== Data excerpt ==
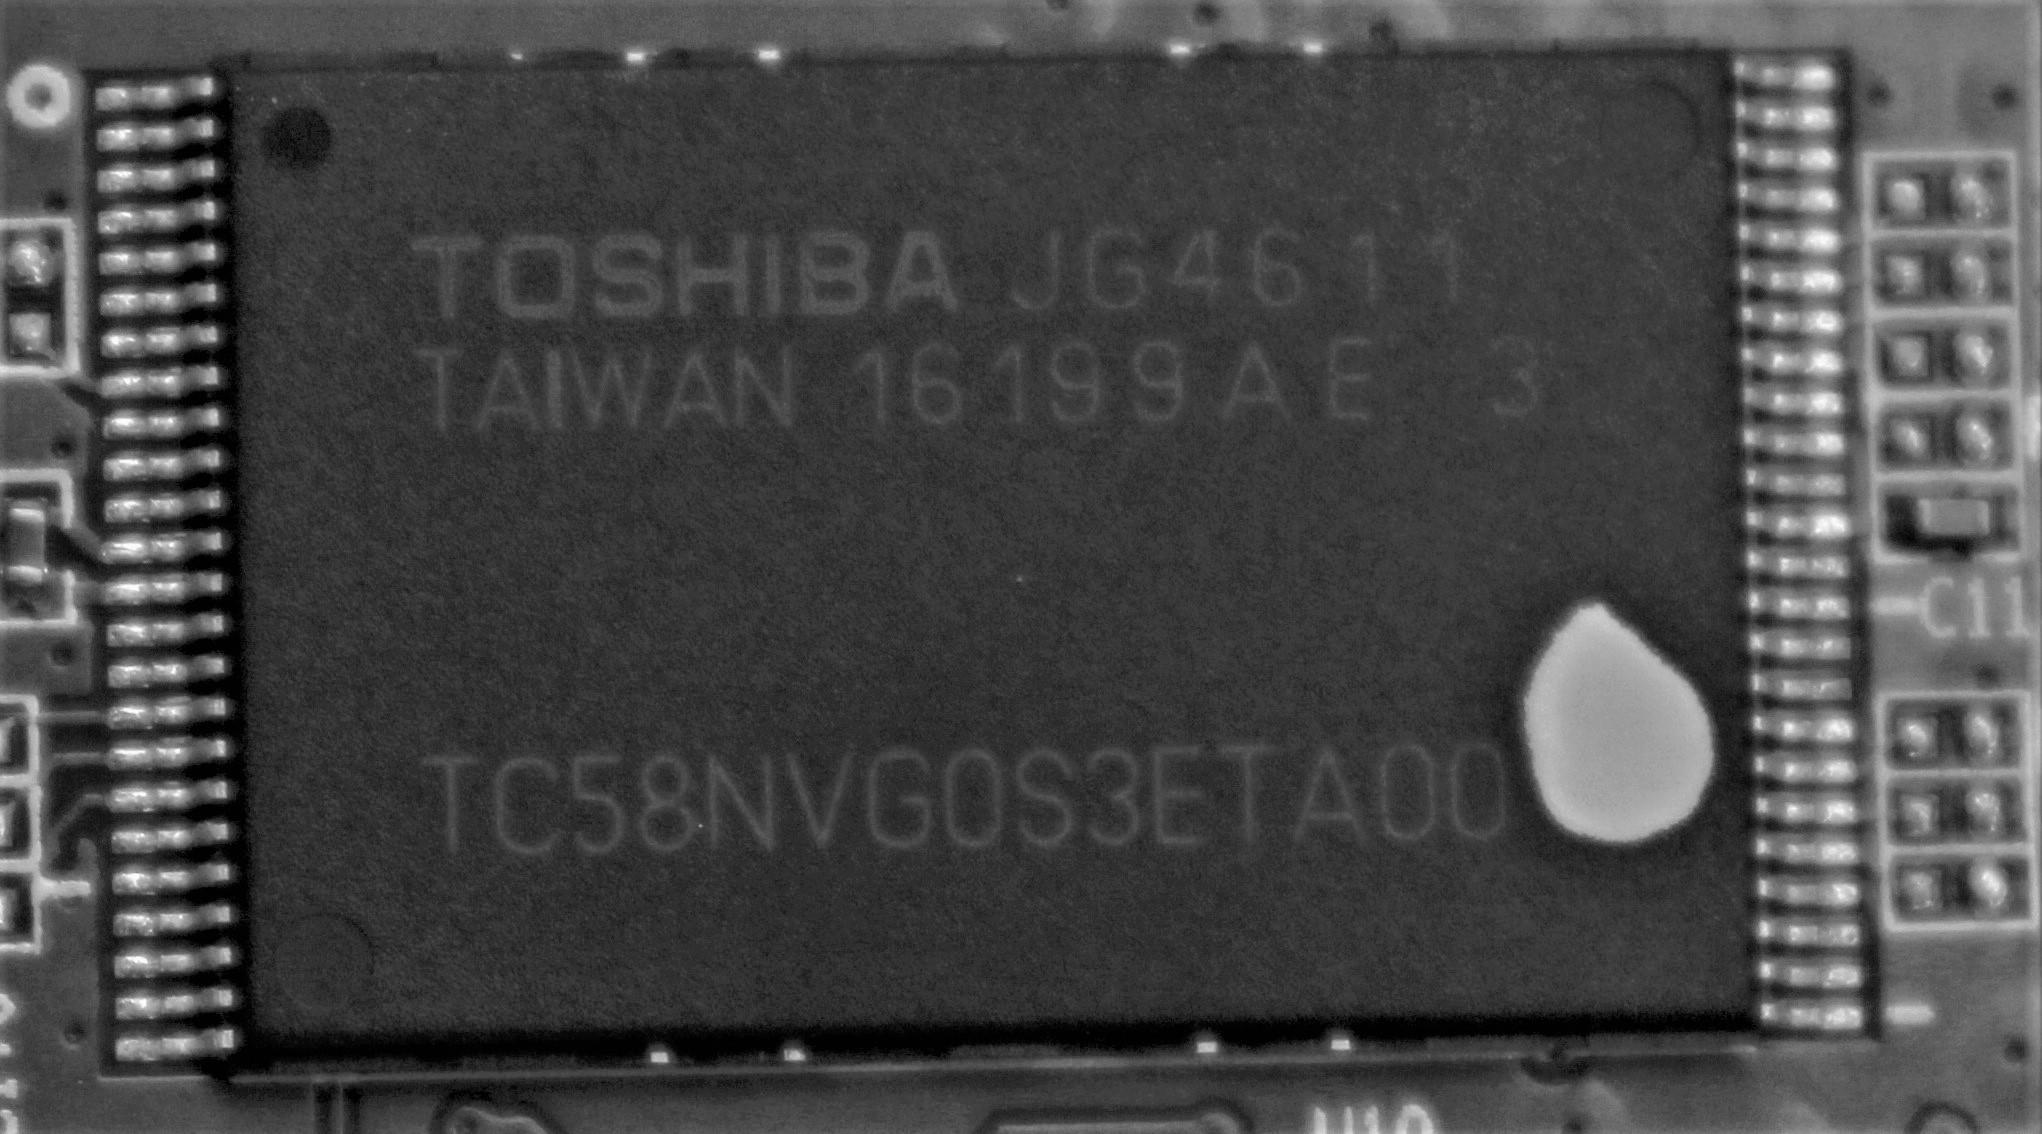 OpenWrt Project: Huawei HG659 b
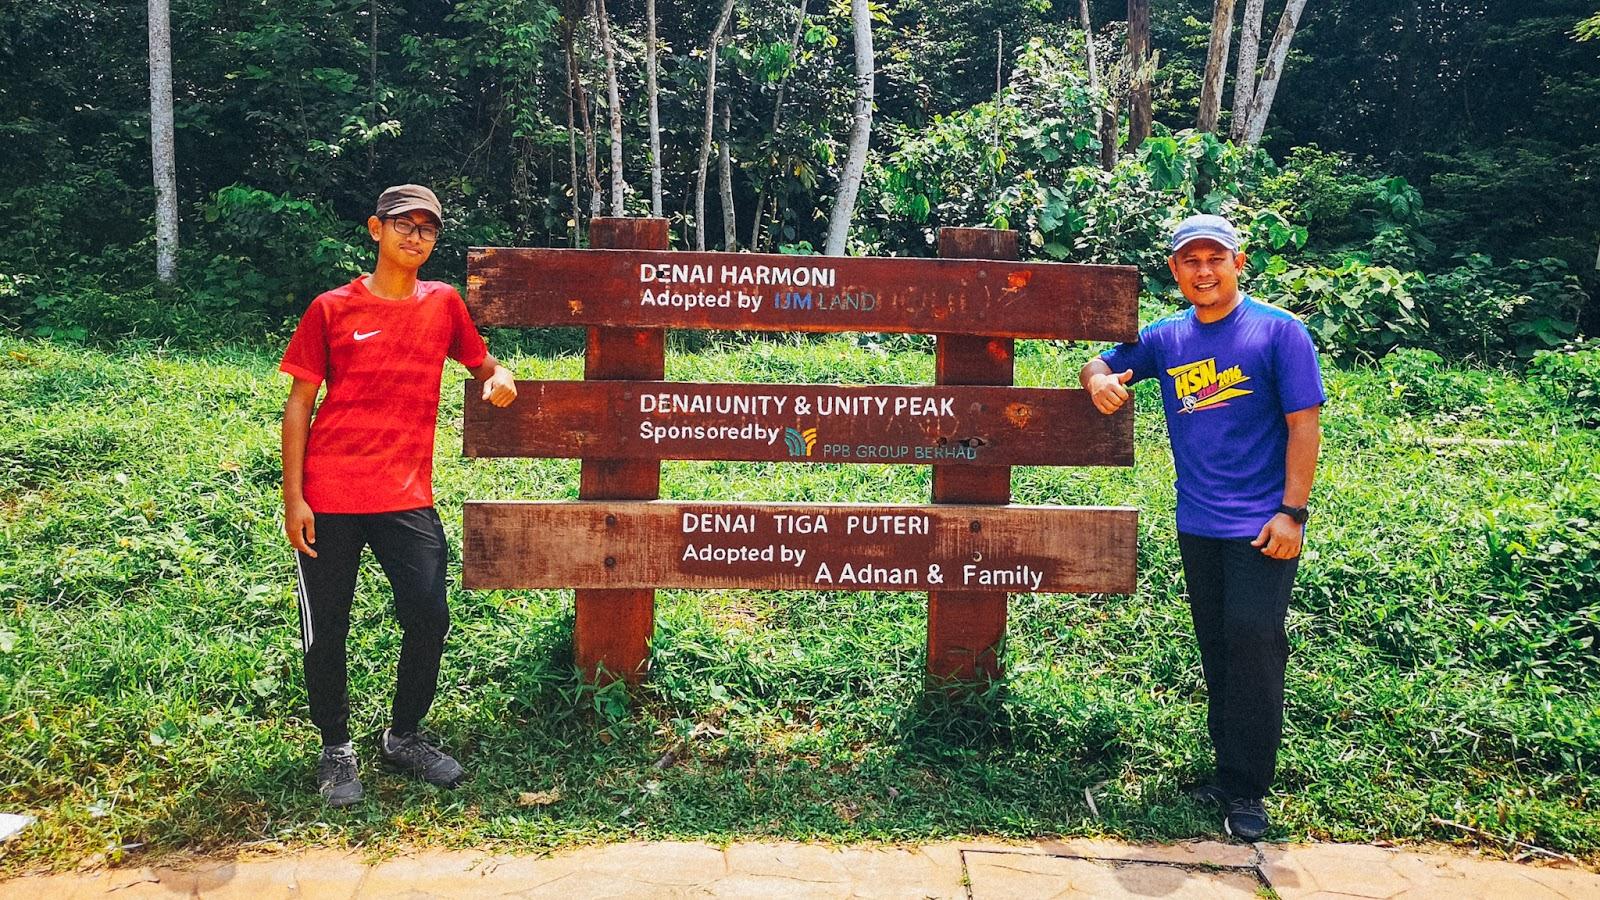 Kota Damansara Community Forest (KDCF)
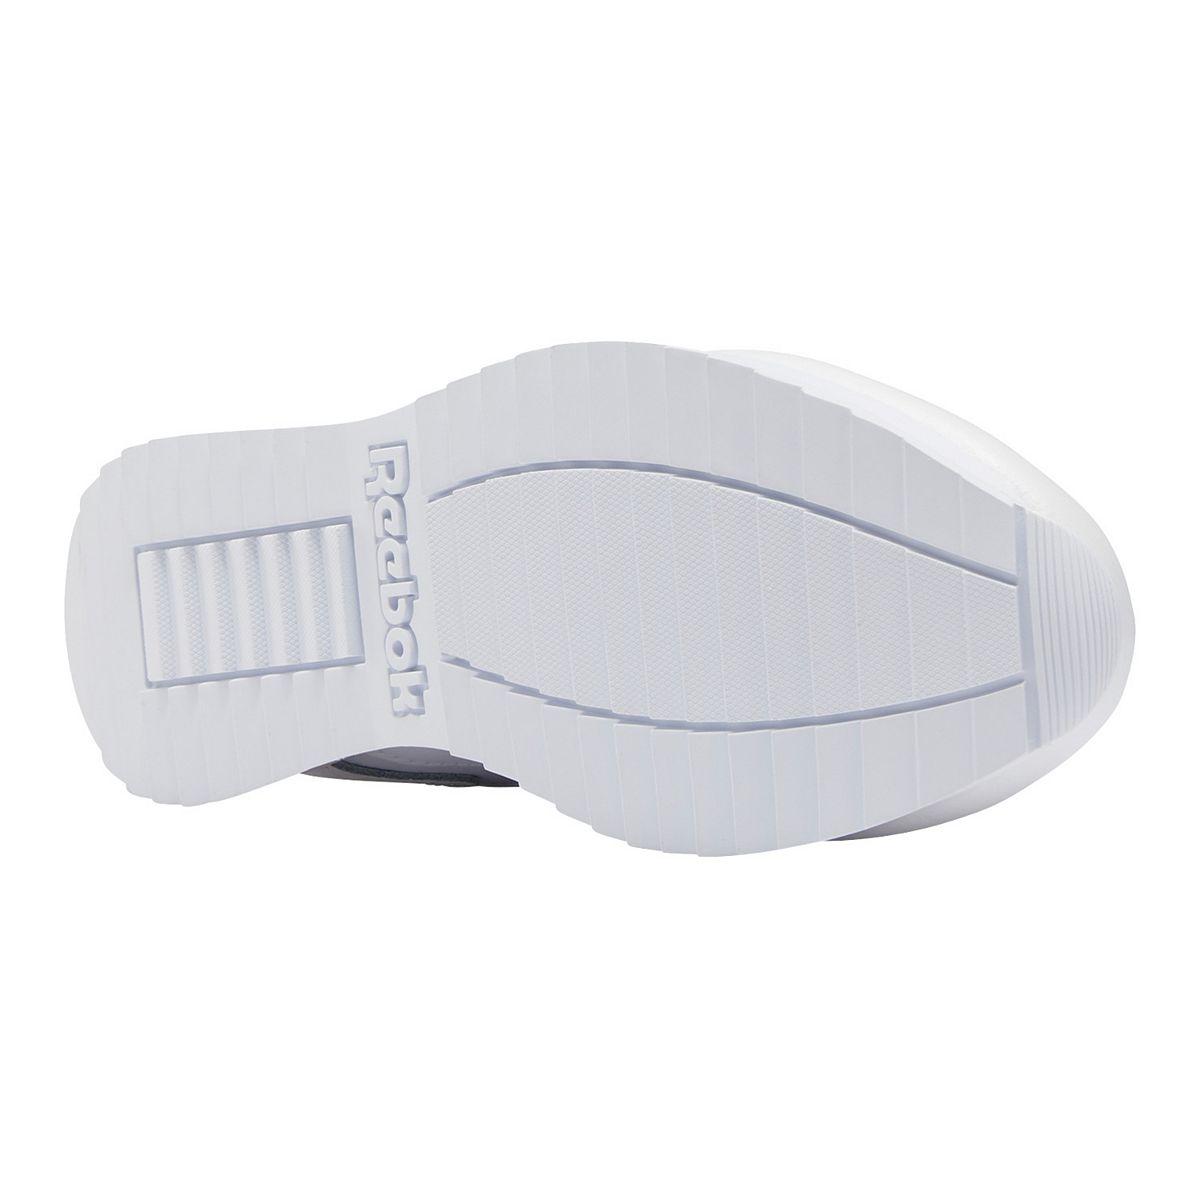 Reebok Classic Harman Ripple Double Women's Platform Sneakers Pixel Pink White WUGlv

== What to work on ==
Output the listing above exactly, excluding all pictures.

== Reply to the task ==
 OpenWrt Project: Huawei HG659 b
 Kota Damansara Community Forest (KDCF)
 Reebok Classic Harman Ripple Double Women's Platform Sneakers Pixel Pink White WUGlv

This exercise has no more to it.